Peter cited this document as corroboration that Ferrie was lying and WAS in Dallas, but Mulholland and Corporan say it ain't so.

I return to my original point: The calls on the phone bills were those that could not be accounted for in 1967. Some may have been made by Ferrie. Some may have been made by others. The evidence does NOT support Peter's assertion that it is an absolute FACT that Ferrie made any particular call.

oo
David Blackburst

 

 

From: dreitzes@aol.com (Dave Reitzes)
Subject: Re: Earlier, Longer Ferrie FBI Interview 11/26/63
Date: 07 Jun 2000 00:00:00 GMT
Message-ID: <20000607130118.15836.00000080@ng-fk1.aol.com>

[...]

>From: prwhitmey@yahoo.com
>Keep in
>mind that an NBC reporter described a man whom he talked to in Dallas
>by the name of "Fairie" or "Fairy" who fit David Ferrie's description.

Oh, really? Do you mean Bob Mulholland of NBC in Chicago? As reported by Dallas cameraman Gene Barnes?

Barnes said Bob Mulholland, NBC News, Chicago, talked in Dallas to one Fairy, a narcotics addict now out on bail on a sodomy charge in Dallas. Fairy said that Oswald had been under hypnosis from a man doing a mind-reading act at Ruby's "Carousel." Fairy was said to be a private detective and the owner of an airplane who took young boys on flights "just for kicks." (WC Exhibit 2038, Volume XXIV.)

Are you unaware that Bob Mulholland specifically told Peter Noyes that he had been misquoted by Barnes?

In an interview with me in Los Angeles Mulholland insisted he had been quoted incorrectly in the Warren report. He said shortly after the assassination he heard FBI agents mention Ferrie's name and a possible link to Oswald, and he relayed that information to his reporters in Dallas. (Peter Noyes, Legacy of Doubt, 117.)

Is it not also obvious that Barnes is conflating at least two or three different hearsay accounts about Ferrie, Oswald, Breck Wall and possibly others into one dubious story?

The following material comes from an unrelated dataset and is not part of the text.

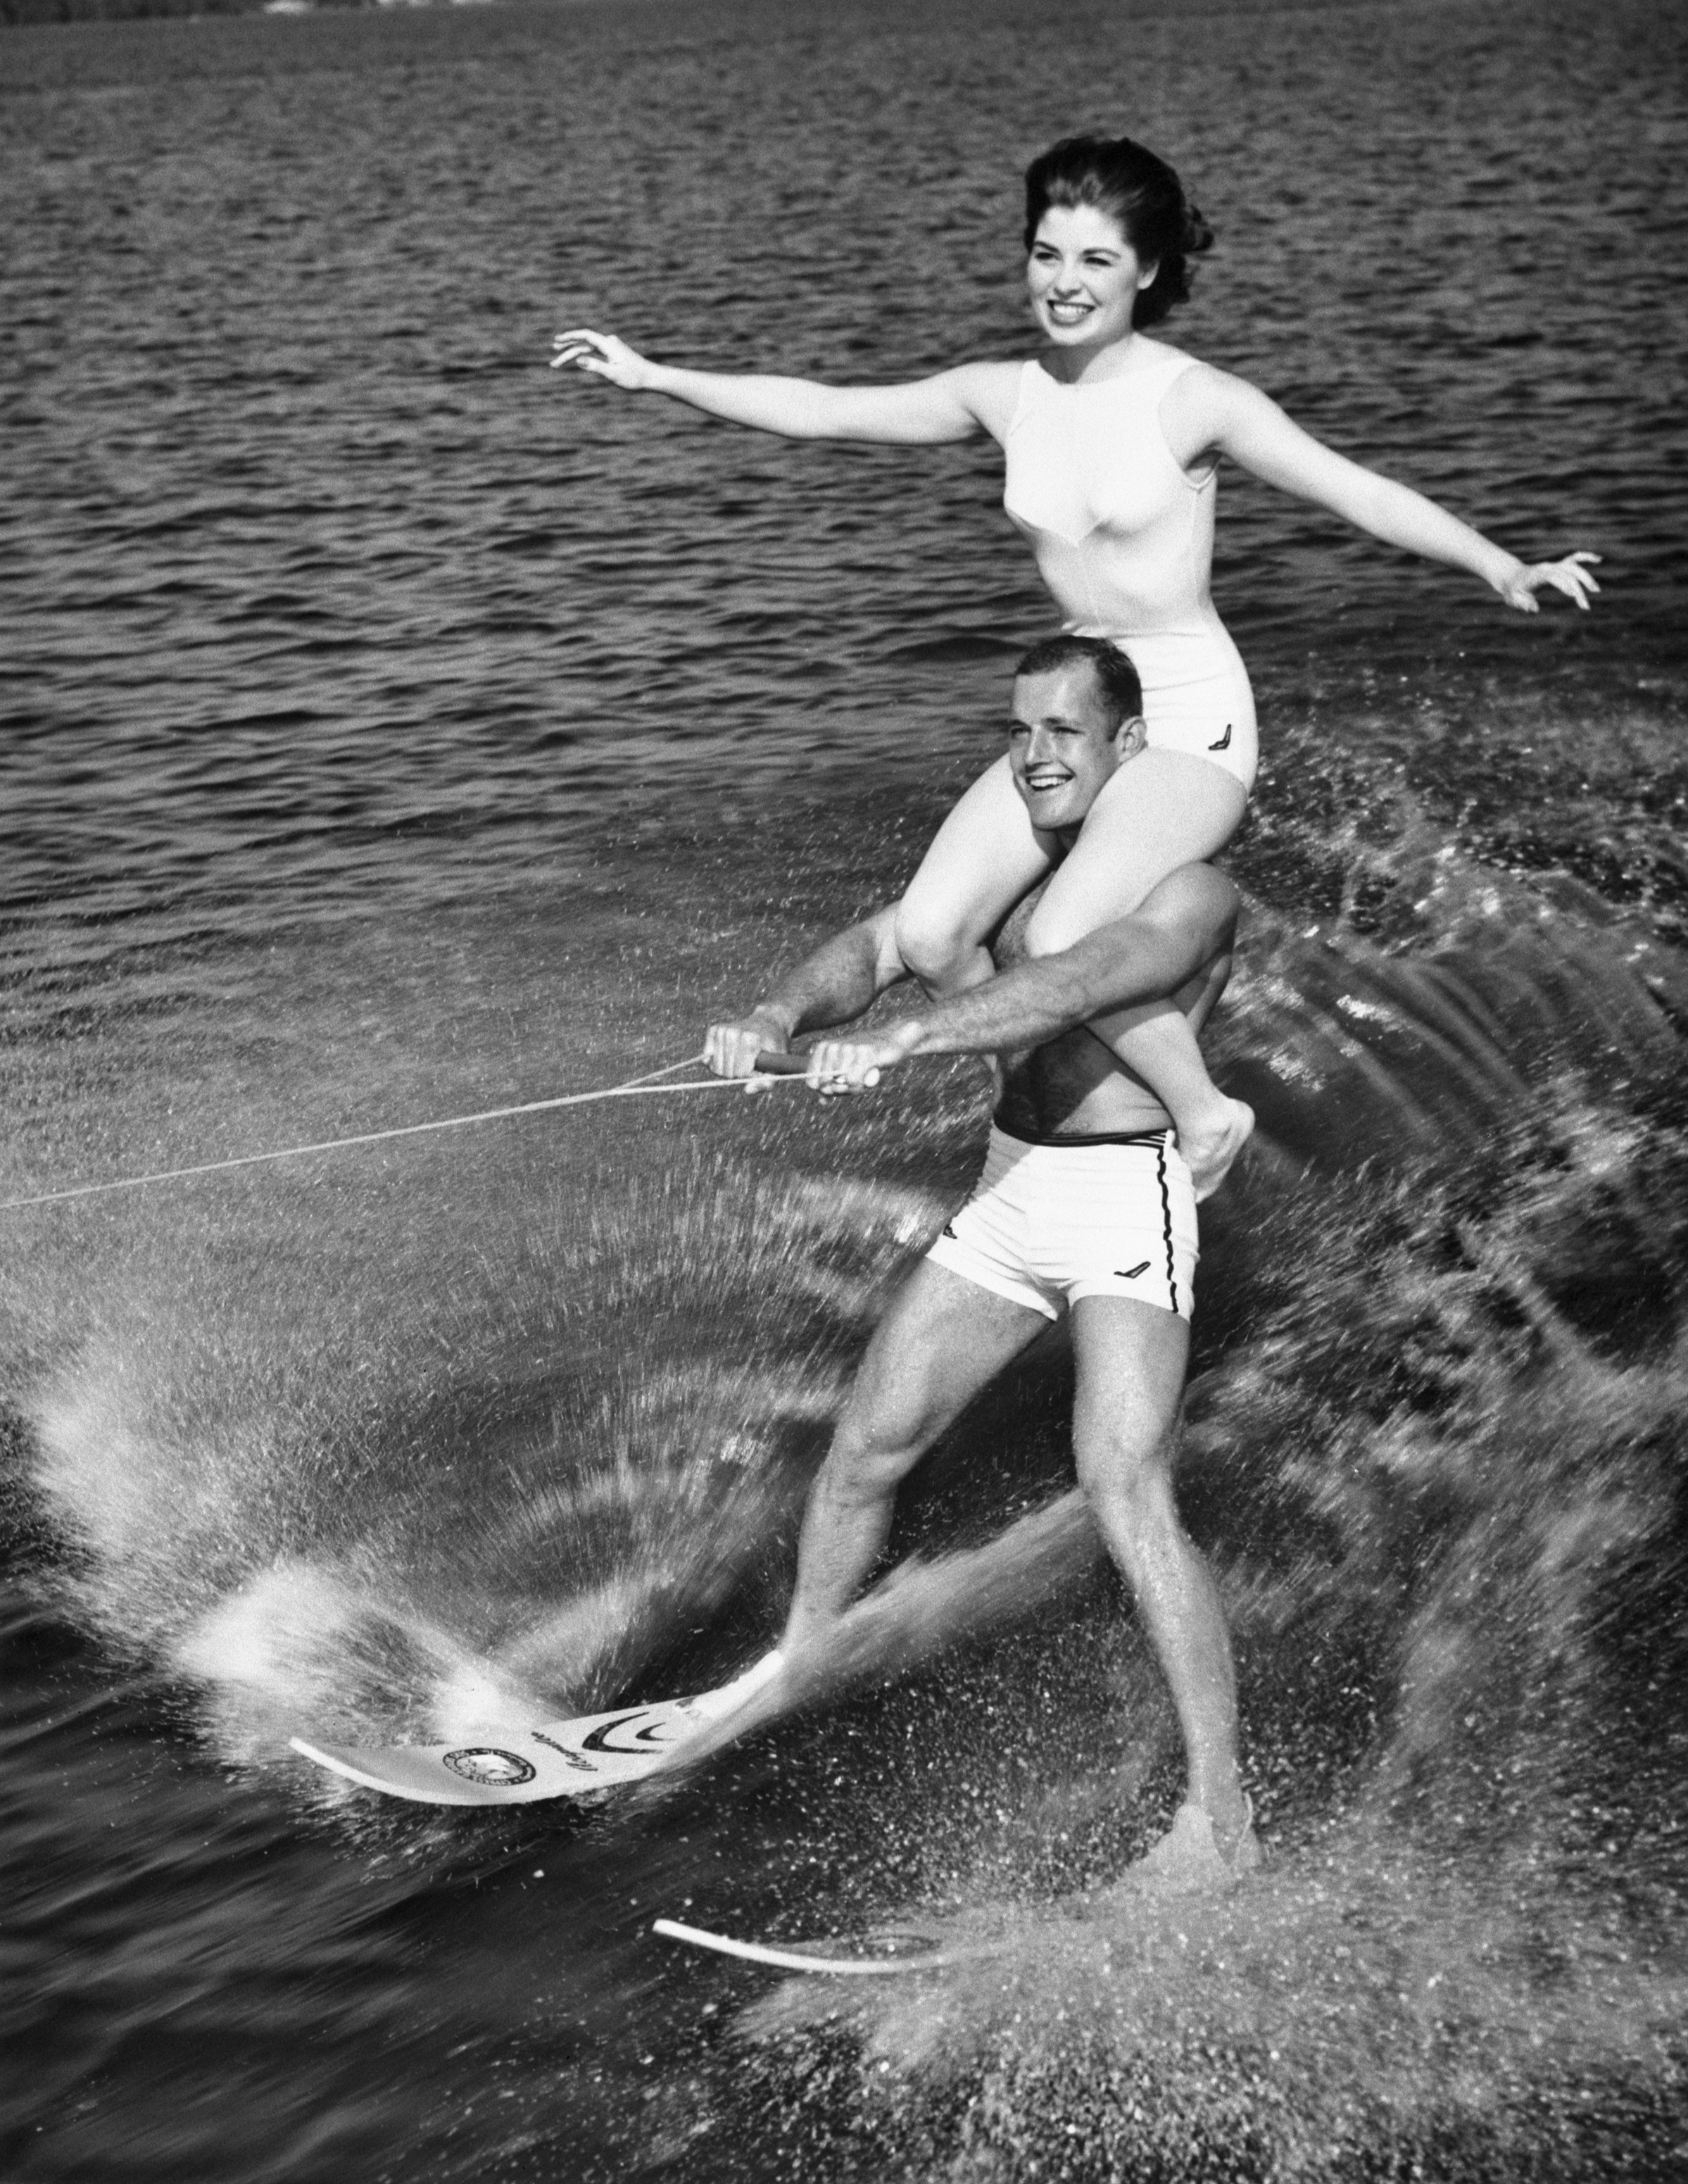 Couple Performing Water Skiing Act

And please don't start about how the FBI agents heard David Ferrie's name -- Jerry Shinley thoughtfully cited the FBI's interviews with Jack Martin from November 1963, interviews instigated by Martin's numerous phone calls to local law enforcement officials, federal investigators and members of the press on the days following the assassination.

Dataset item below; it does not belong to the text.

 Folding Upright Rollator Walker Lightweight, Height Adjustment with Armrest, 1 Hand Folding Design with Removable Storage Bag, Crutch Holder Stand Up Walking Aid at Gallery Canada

Good ol' Jack Martin, a diagnosed sociopath who, by all accounts, hated Dave Ferrie's guts.

Dave

 

 

Subject: Re: Earlier, Longer Ferrie FBI Interview 11/26/63
Date: 06/08/2000
Author: Blackburst

Dave Reitzes wrote:
>Where did Billings' statement
>[on the true story behind the Mulholland-Ferrie story]
>appear, David?

It's in the Billings collection at Georgetown. It's a 2/14/67 memo from Billings to [FNU] Haskell, or from Haskell to Billings.